Cisco Support Community
cancel
Showing results for 
Search instead for 
Did you mean: 
Announcements

Welcome to Cisco Support Community. We would love to have your feedback.

For an introduction to the new site, click here. And see here for current known issues.

New Member

Devices "hiding" behind a bridge

At intermittent times, we will have a single device start to "hide" behind a 1242 bridge.

In the past, my team would reload or reboot the bridge, and everything would come back up.

But the 90 seconds of lost data were causing problems.

So, I began to dig deeper.

I found the the WB was always available.

So I would ping the hidden device from the WB, and it would ping.
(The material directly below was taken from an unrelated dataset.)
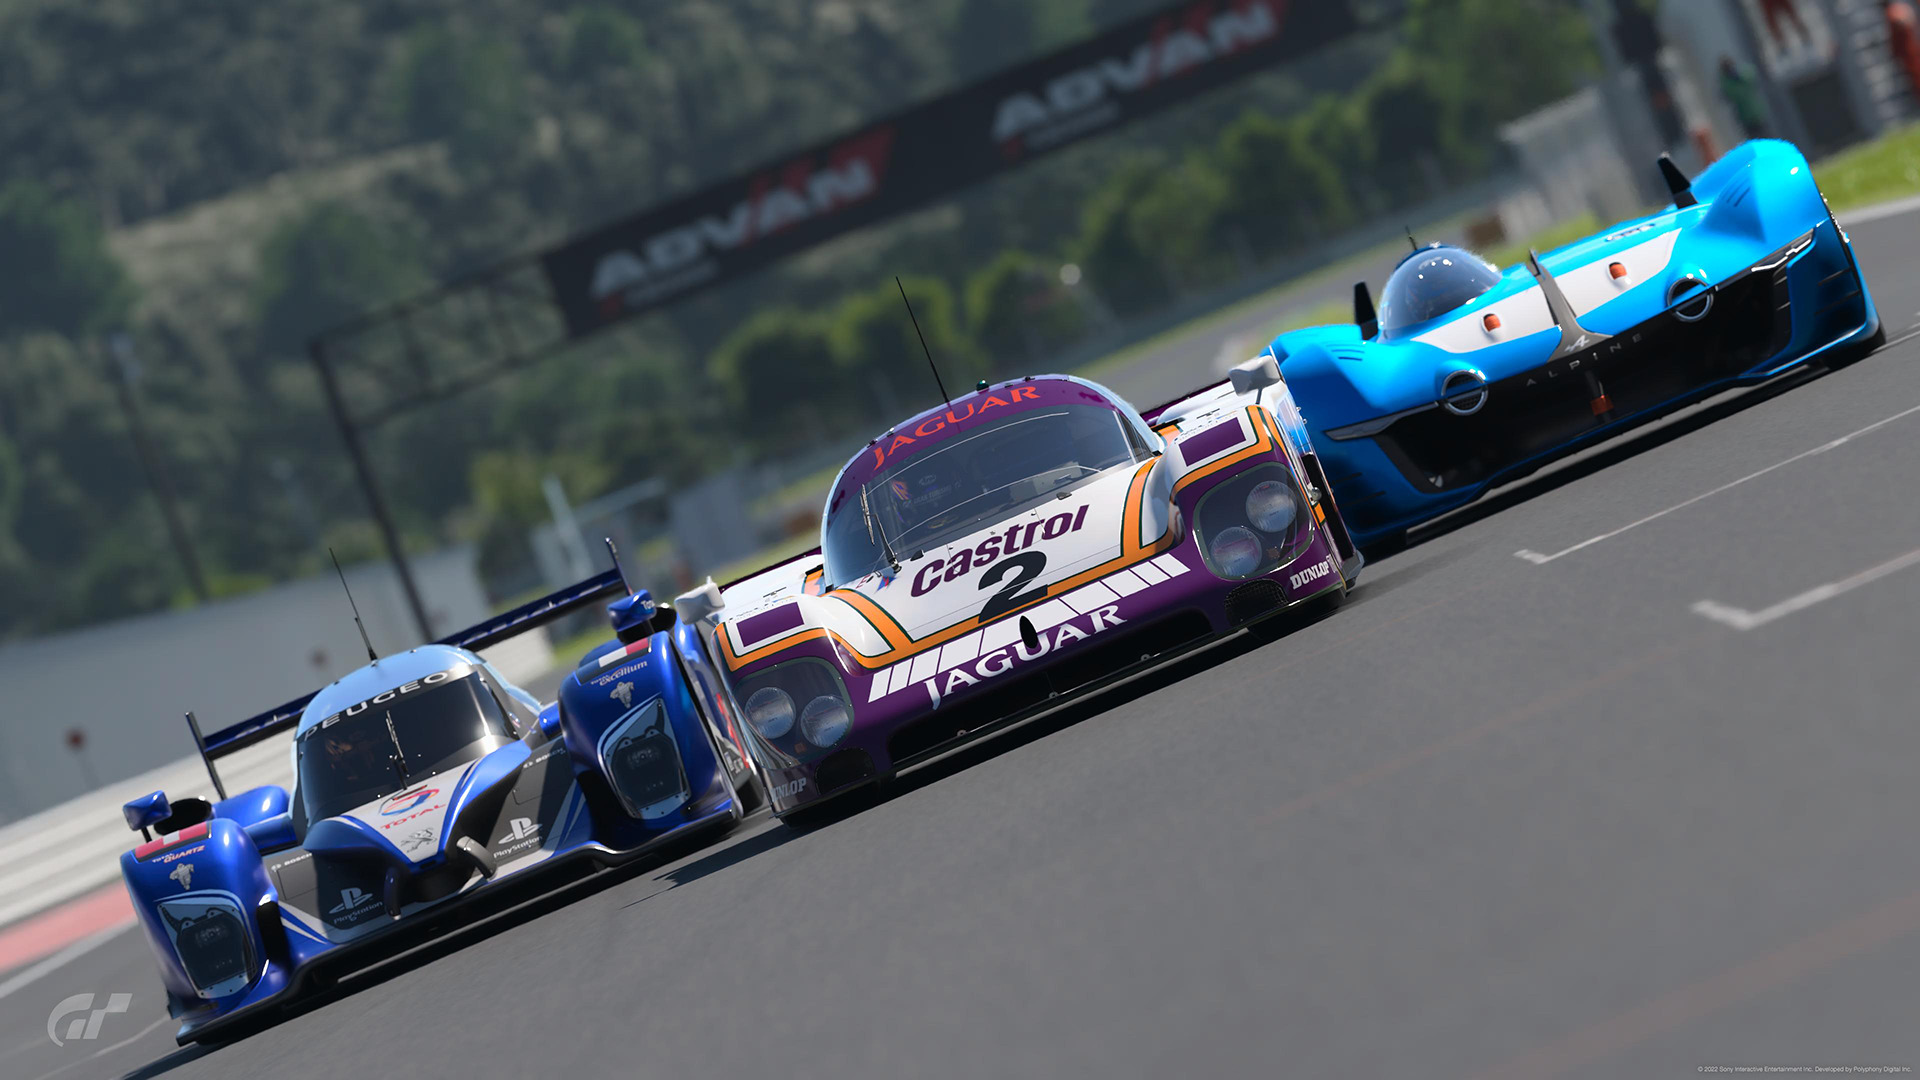 How the Creator of Gran Turismo Wants Motorsport to Change – GTPlanet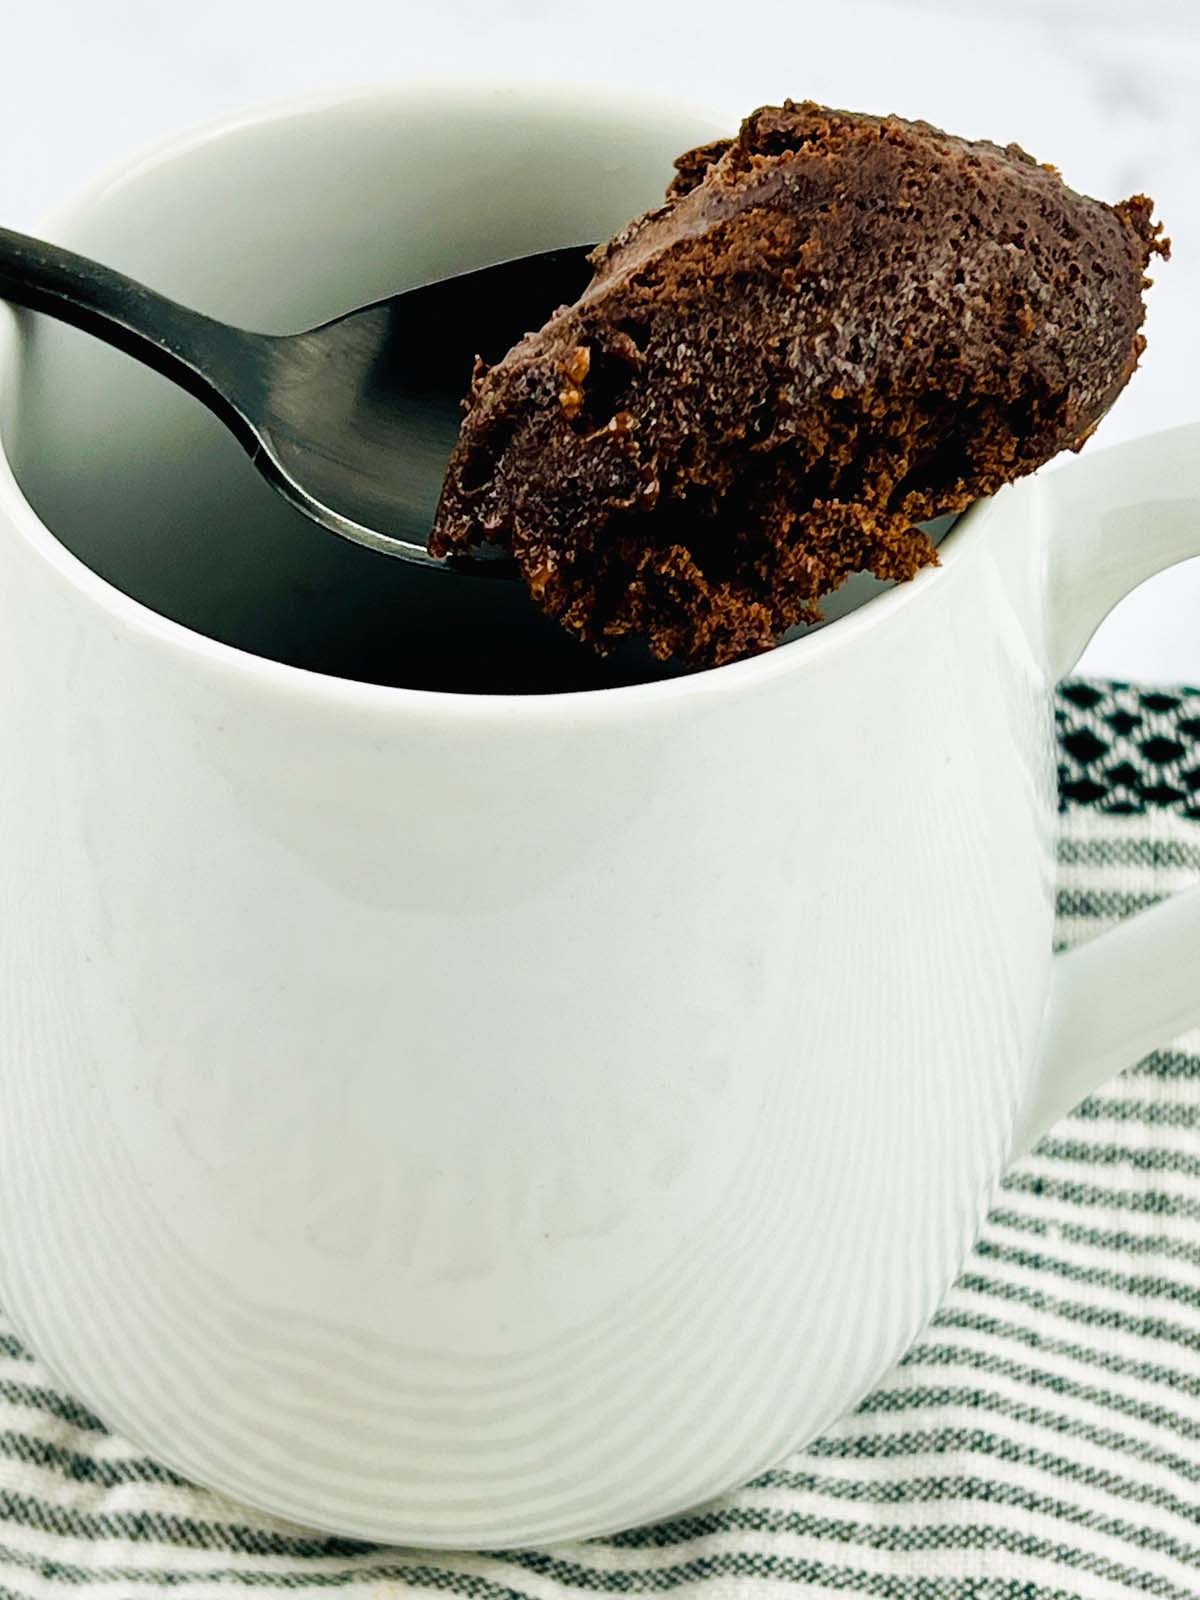 A scoop of cake on a spoon resting on a mug.

Next, I showed the ARP table, and got the MAC address of the hidden device.

Then, I would start a ping from my PC, and leave it running.  Constant "Destination Unreachables" from the router.

Next, I showed the bridging table for F0, and sometimes the device would be there, sometimes not.

Regardless, I would add a forwarding bridging entry manualy, and exit conf.

Showing the briding table would show the device, with a "P"ermanent age, but still no pinging.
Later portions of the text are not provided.